▶ **Information provided**
· · ·
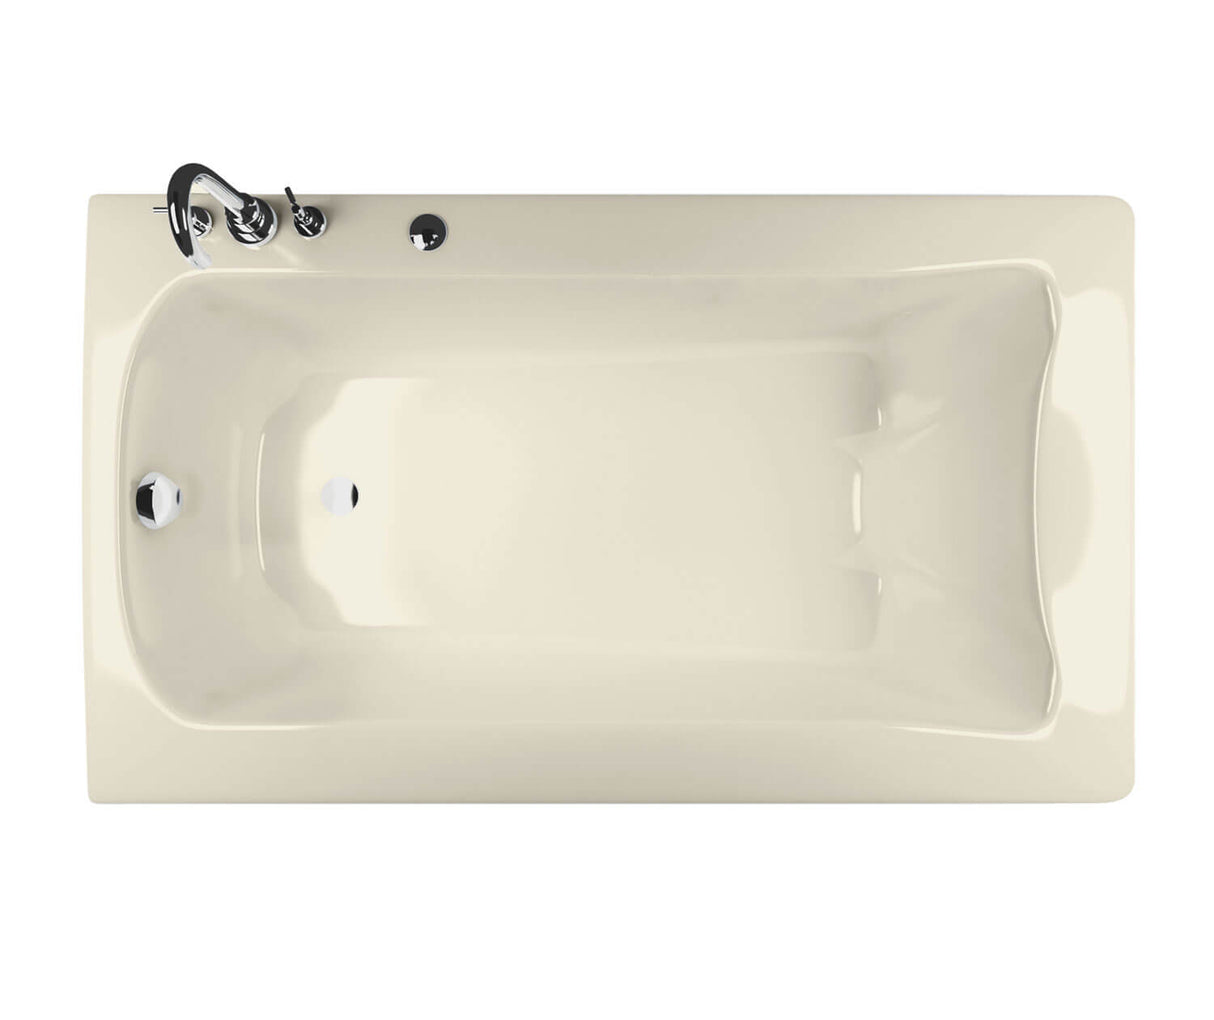 MAAX 105311-R-000-004 Release 6036 Acrylic Drop-in Right-Hand Drain Bathtub in Bone
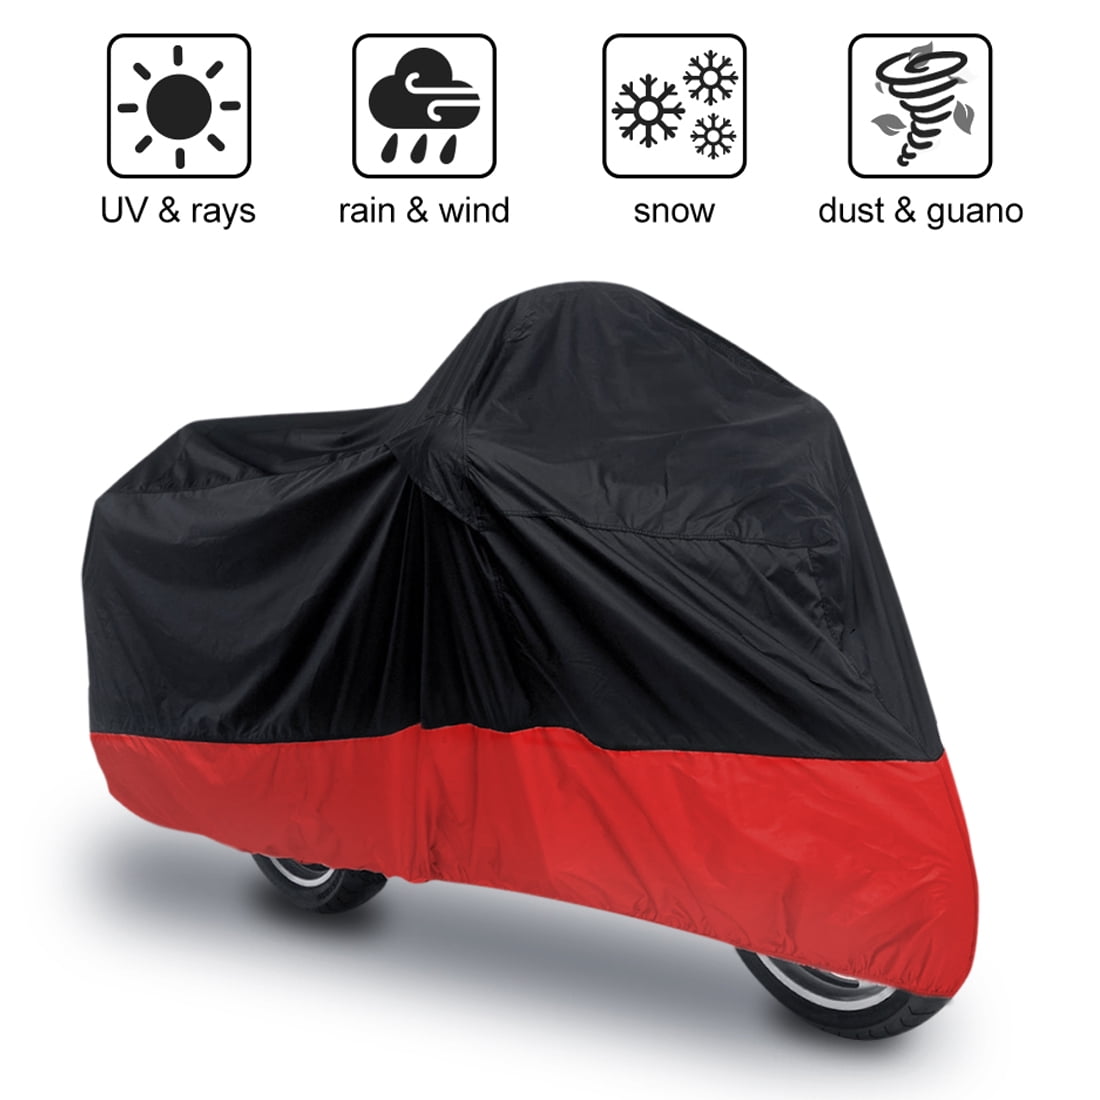 XXXL 180T Full Motorcycle Cover Black Red Outdoor UV Rain Waterproof Protector 
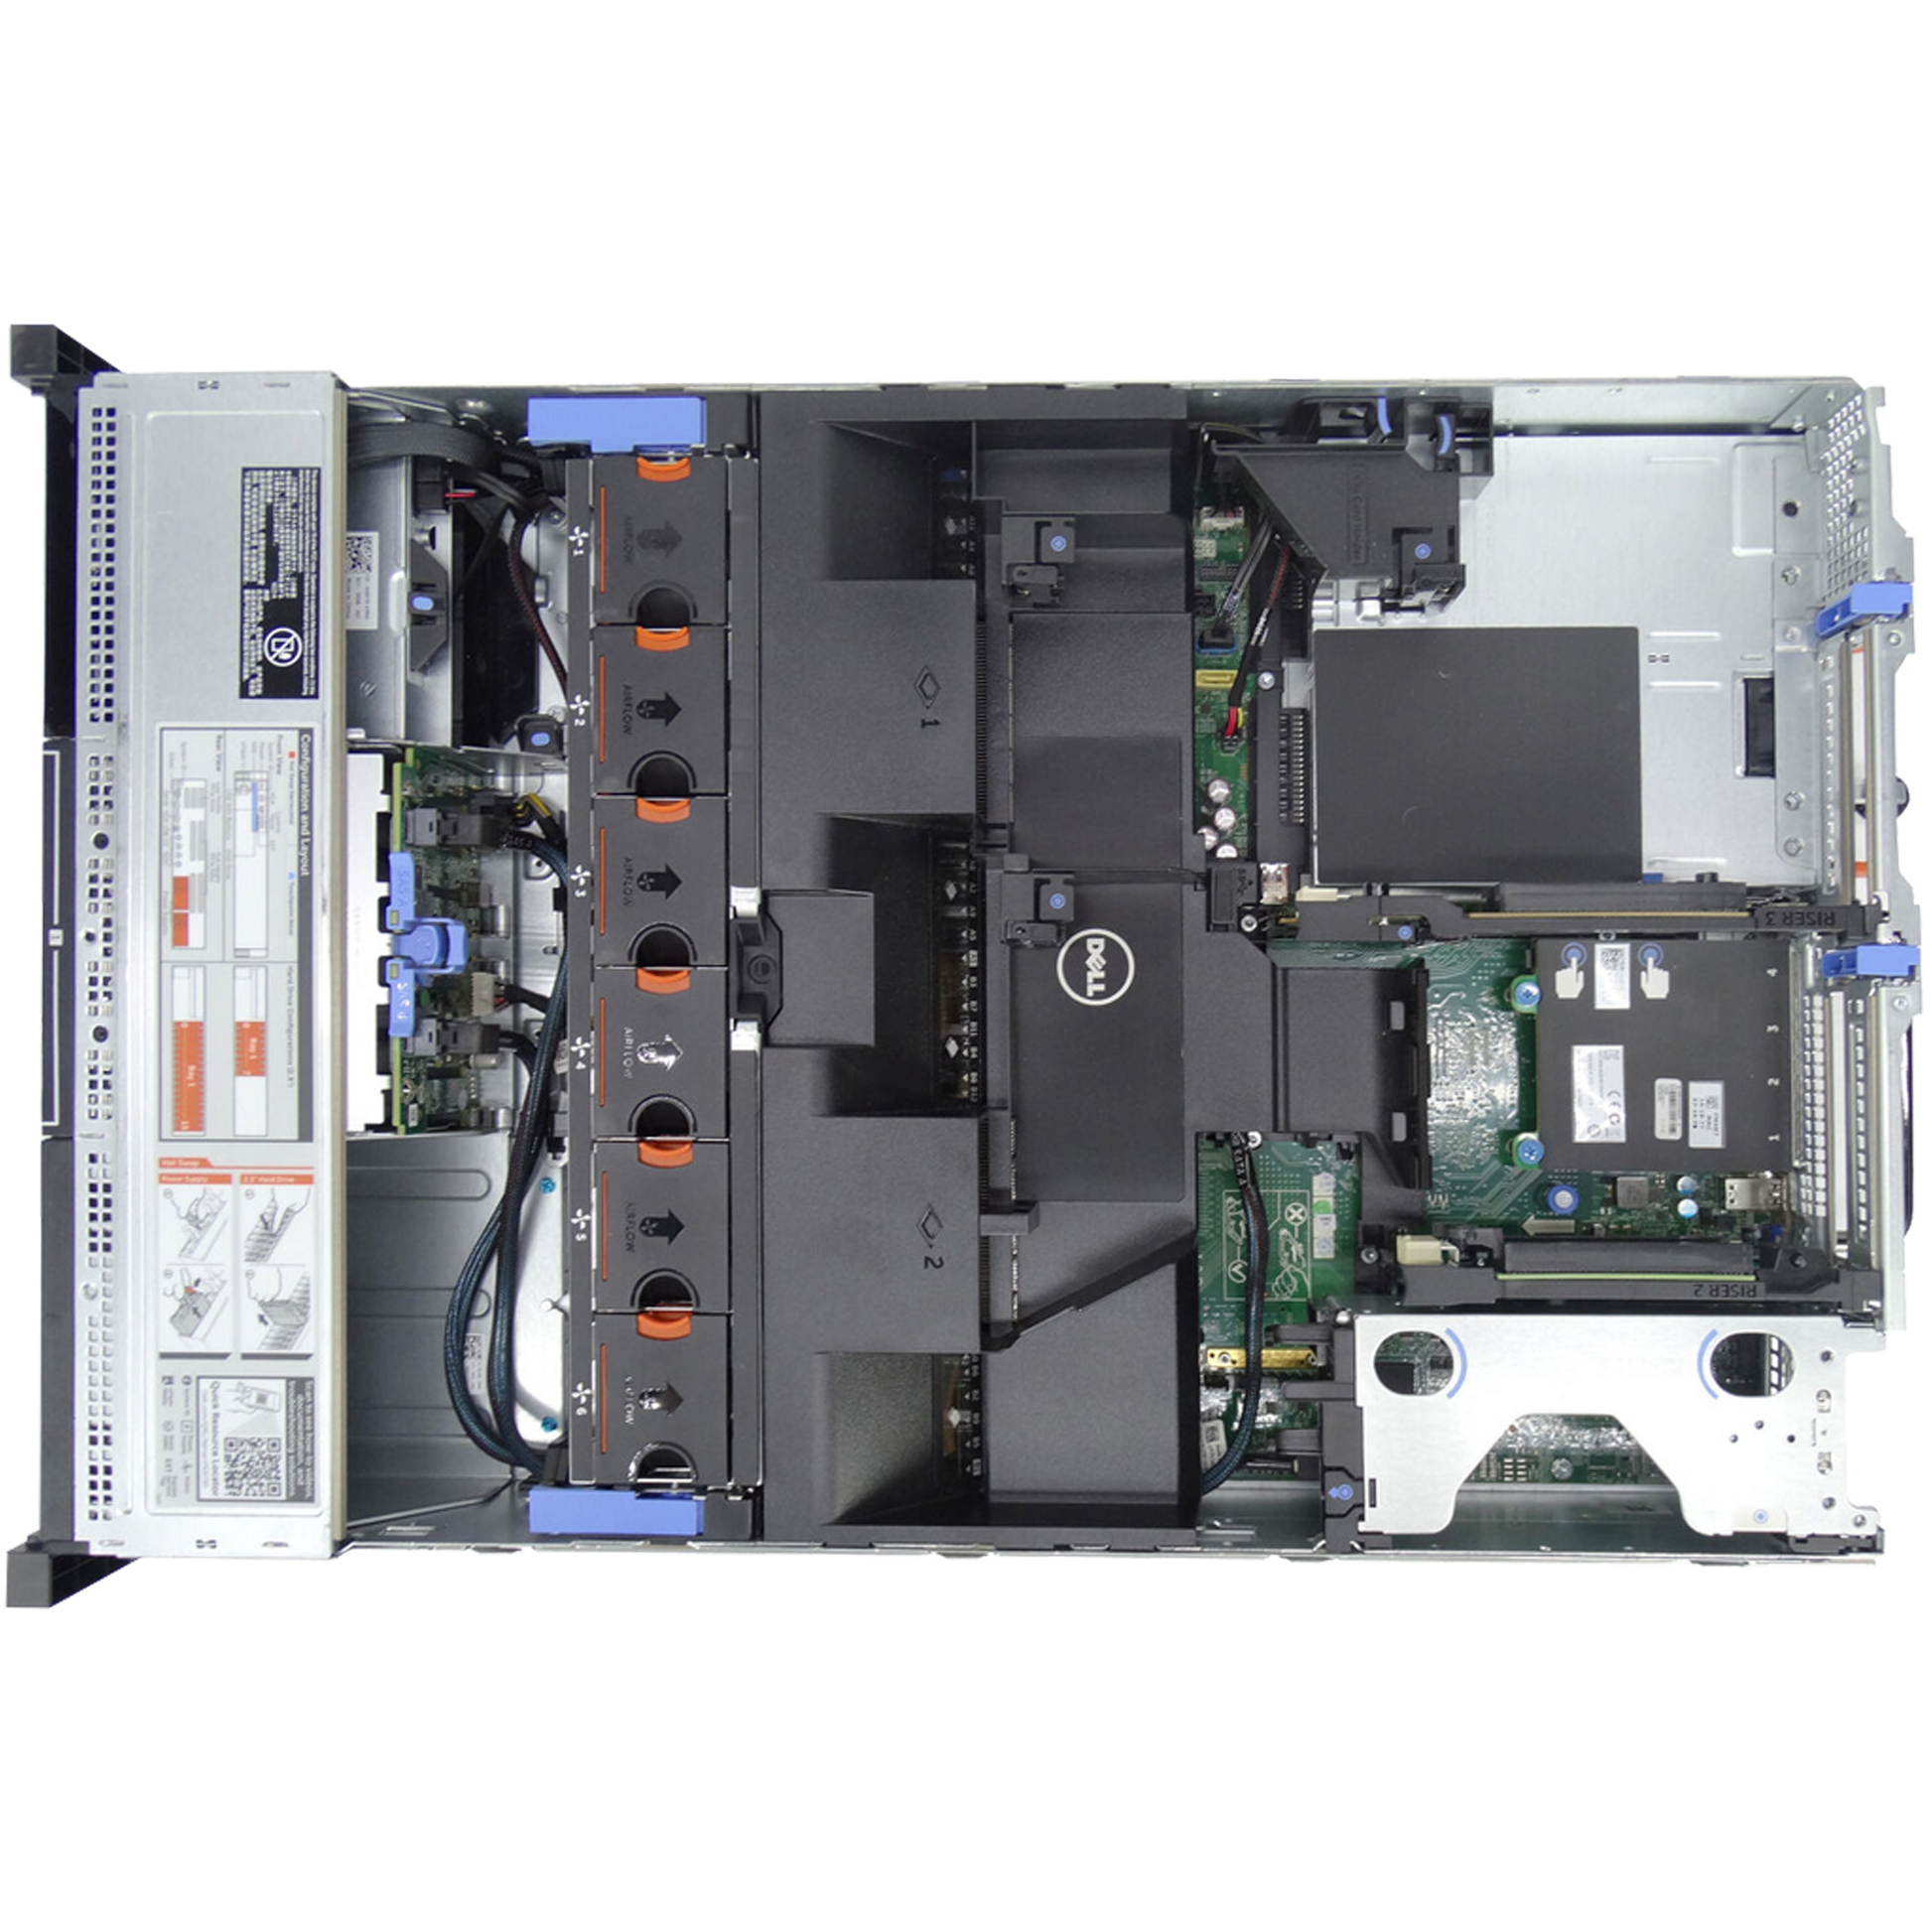 Dell PowerEdge R730 2 x 12 Core Intel Xeon CPU Server - 2.5" Backplane Servers
· · ·
▶ **Problem**
Leave out the pictures and output the rest of the material exactly as written.

▶ **Answer box**
 MAAX 105311-R-000-004 Release 6036 Acrylic Drop-in Right-Hand Drain Bathtub in Bone
 XXXL 180T Full Motorcycle Cover Black Red Outdoor UV Rain Waterproof Protector 
 Dell PowerEdge R730 2 x 12 Core Intel Xeon CPU Server - 2.5" Backplane Servers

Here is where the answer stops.